Research includes creating nanomaterials -- substances needed in cartilage repair therapies. That's possible only by working in the near-zero gravity environment.

To prepare for future activities, the Axiom crew will compile production standards and procedures, too.

And there will be academic activities meant to raise students' interest in engineering, Alqarni said. That is all part of the science, technology, engineering and mathematics disciplines, known as STEM.

In Saudi Arabia, schoolchildren will take part in live video events.

One project will provide "a huge opportunity to study how a kite can work and behave in space," Alqarni said. That involves learning about the behavior of different kite shapes on the space station.


Students across Saudi Arabia will participate in ground-based experiments to compare data with custom-built kits. The project stems from collaboration with the Saudi Space Commission.

"It will be amazing for the students to compare the results that they had on the ground with the ones we are going to have on the station, Alqarni said."

Participating students from around the world will be able to show their interest, curiosity and abilities in the space journeys they envision. And there will be time for poetry, as well.

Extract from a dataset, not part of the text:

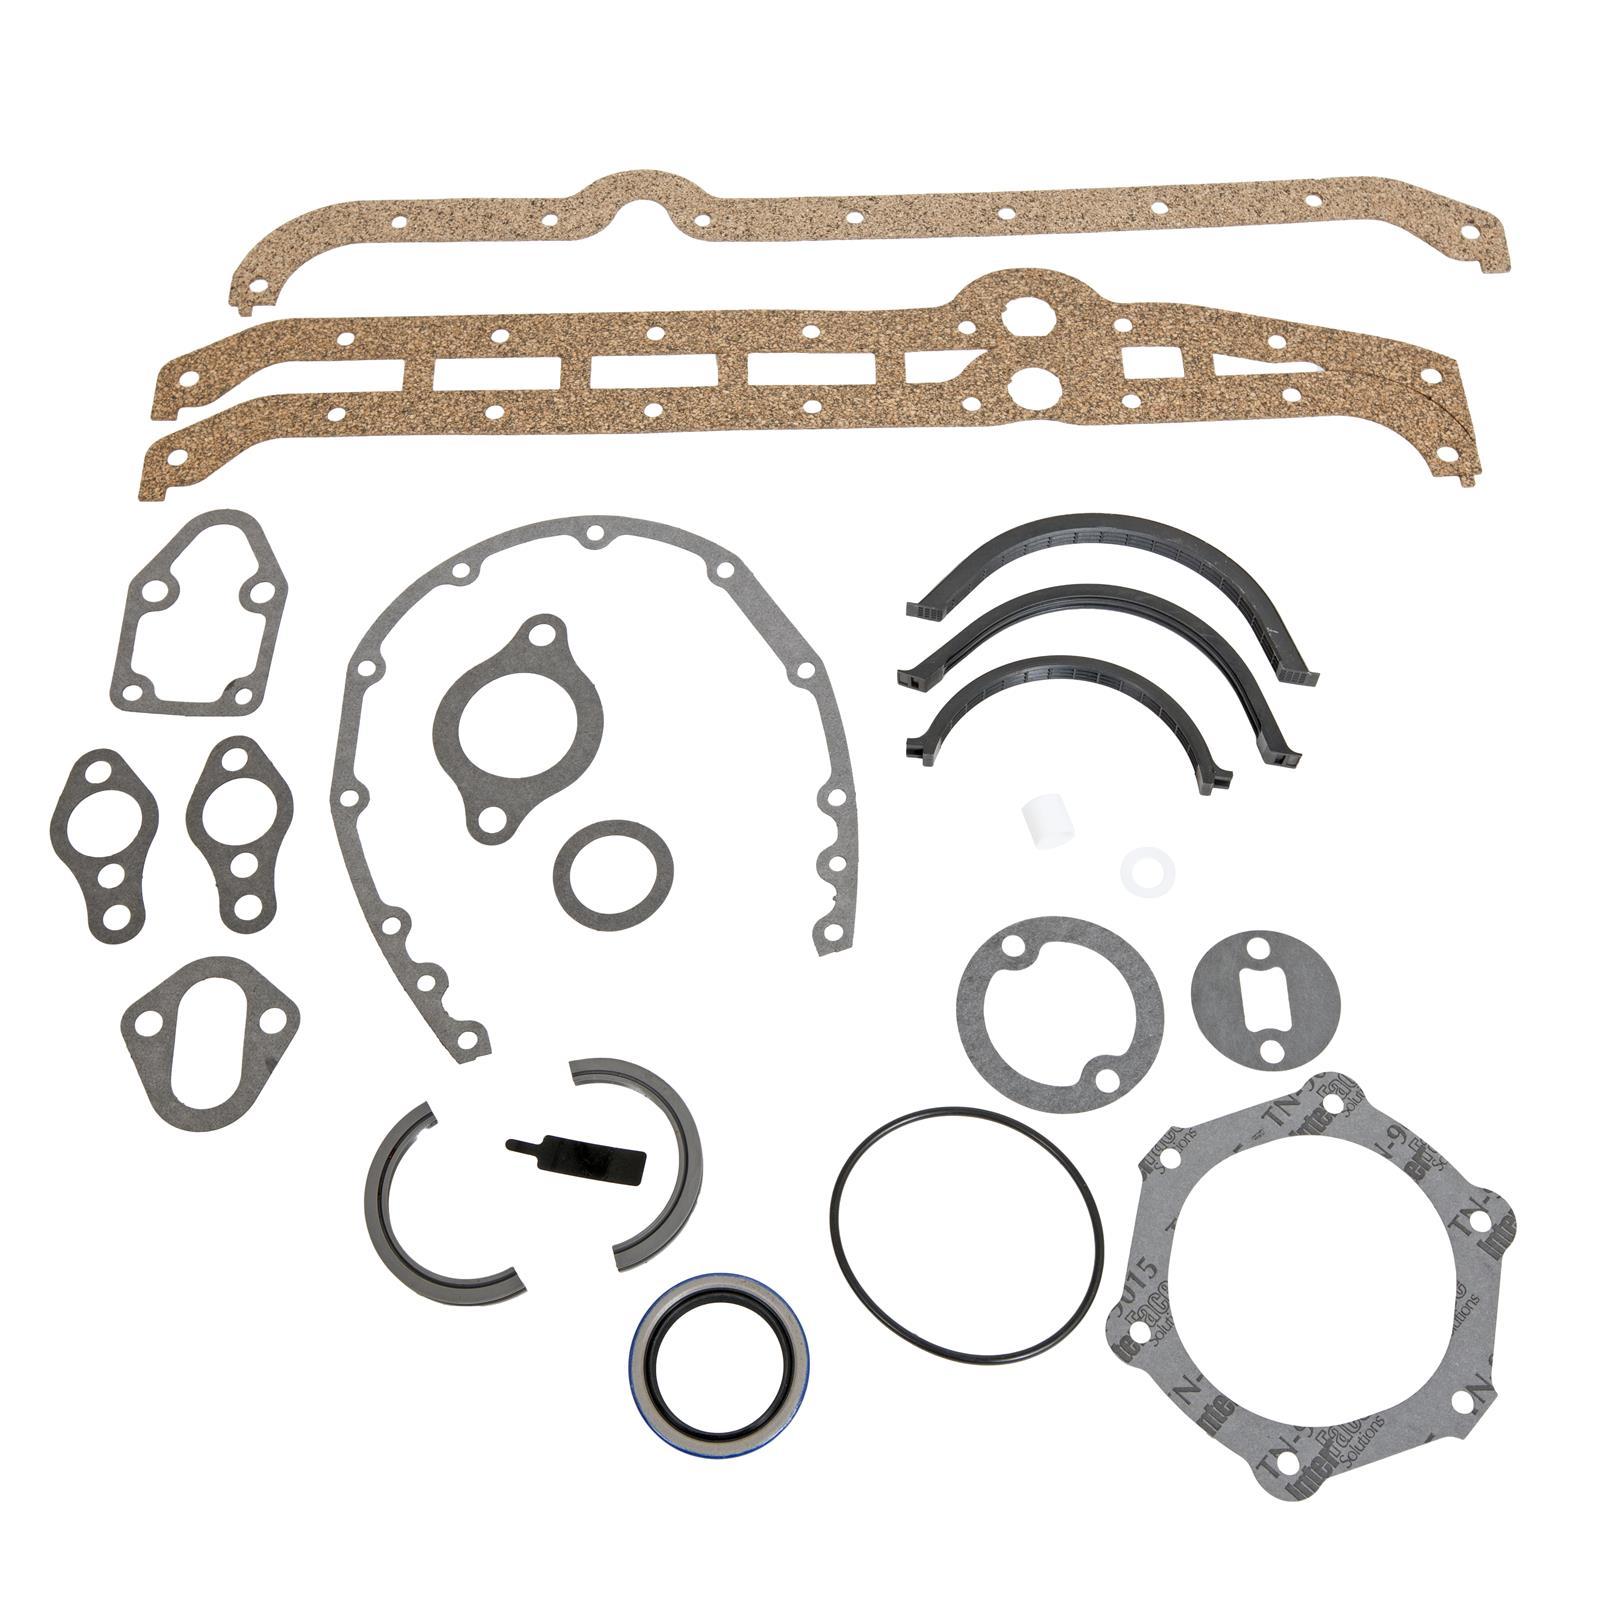 Small block Chevrolet lower engine gasket set Fel Pro CS7733-2
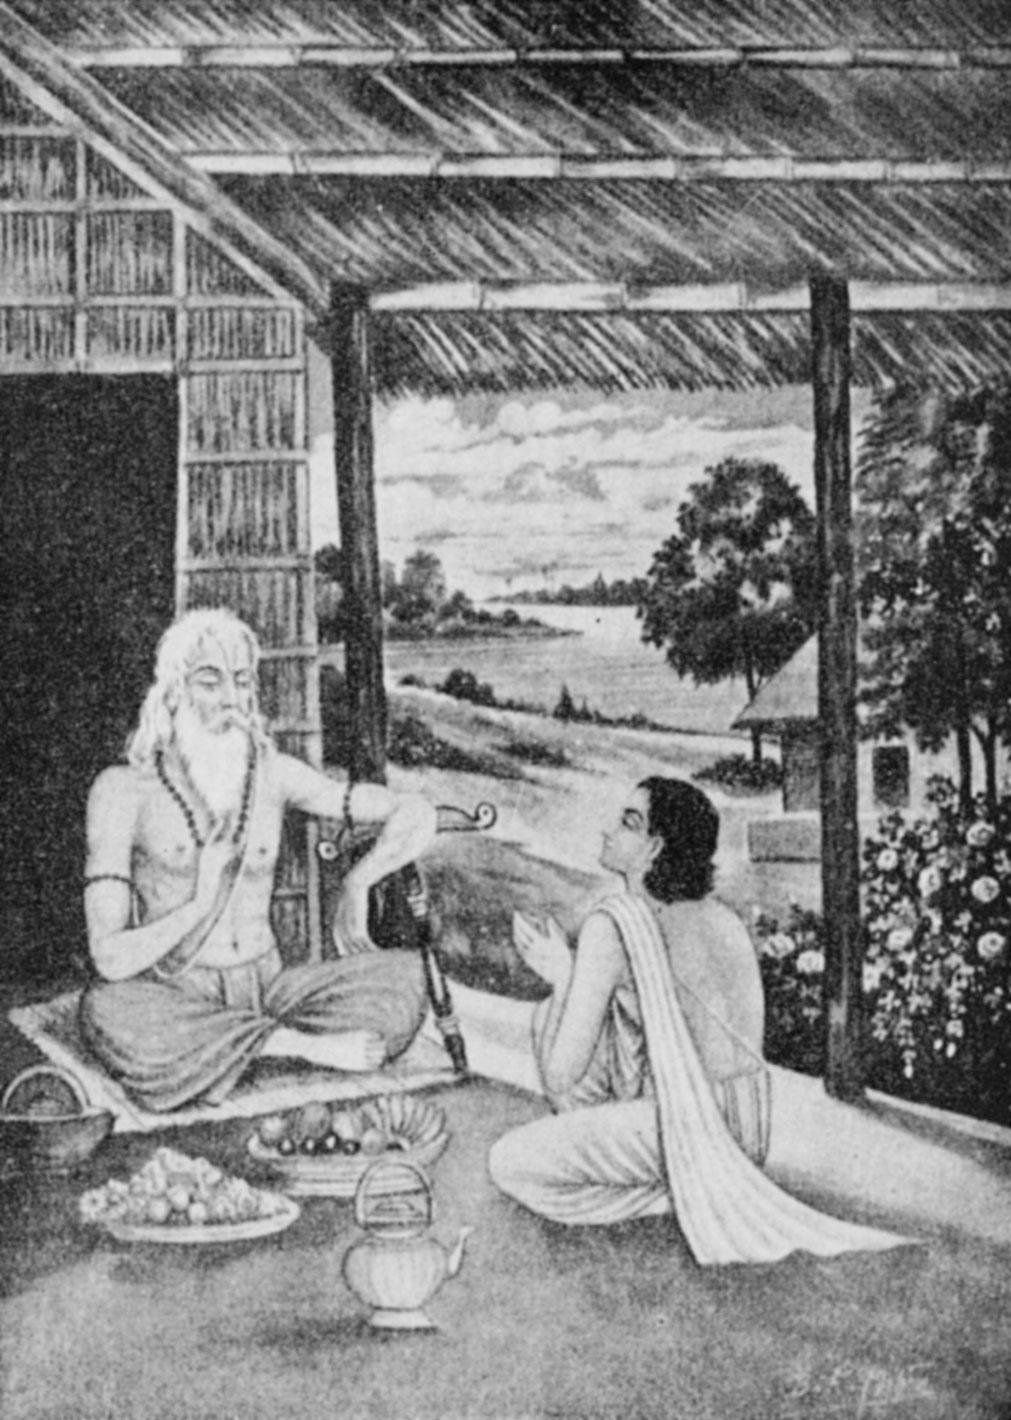 Autobiography of a Yogi, by Paramhansa Yogananda - Free

Two representatives of each age group will be recognized during live TV broadcasts from orbit. Besides working at an extensive program of Earth photography, Shoffner will host a Space Art Contest among students on the ground, Axiom's website said..

And for this mission, Axiom planners decided to include the arts, too. So, besides working at an extensive program of Earth photography, Shoffner will host a space art contest.

The Axiom mission is being conducted under a new pricing policy for private astronaut missions.

NASA is charging $4.8 million per flight for integration, mission planning and execution and tracking and $5.2 million per flight for crew time on the space station to support visiting vehicle operations, logistical support and familiarization for the visitors.


There are a series of additional fees, as well, including charges for food, at $2,000 a day per person, and trash disposal.